- PROBLEM DESCRIPTION
For the entries below, the expected answer is the line with "022 Template Ideas", the line with "biodanza en familia 12 de junio", and every line between them, exactly as written, and nothing more.

- MATERIAL SHOWN
##########
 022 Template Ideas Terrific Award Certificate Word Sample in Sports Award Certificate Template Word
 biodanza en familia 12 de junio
##########
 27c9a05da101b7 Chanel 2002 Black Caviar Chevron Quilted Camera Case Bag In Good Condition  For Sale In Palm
##########
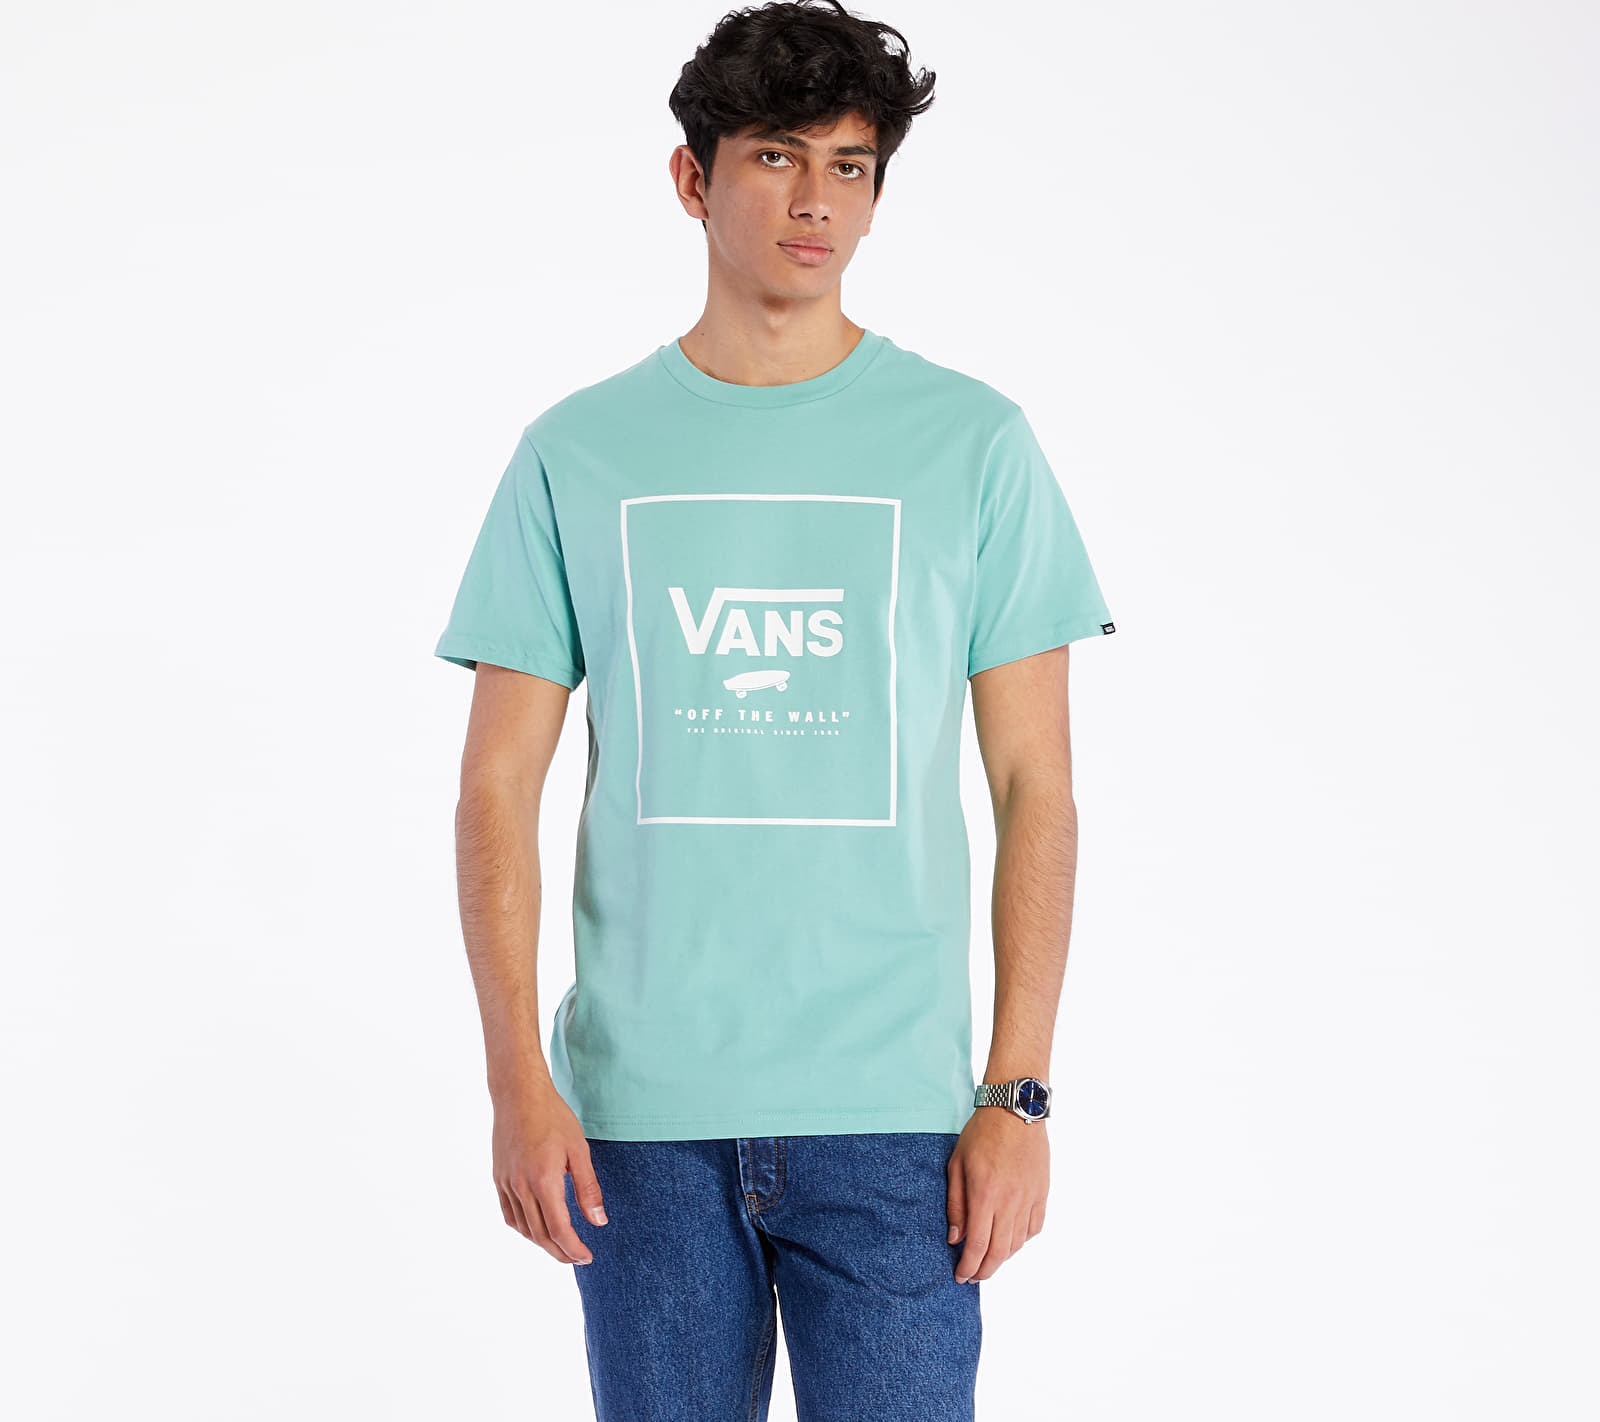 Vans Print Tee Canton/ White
##########
- EXPECTED OUTPUT
 022 Template Ideas Terrific Award Certificate Word Sample in Sports Award Certificate Template Word
 biodanza en familia 12 de junio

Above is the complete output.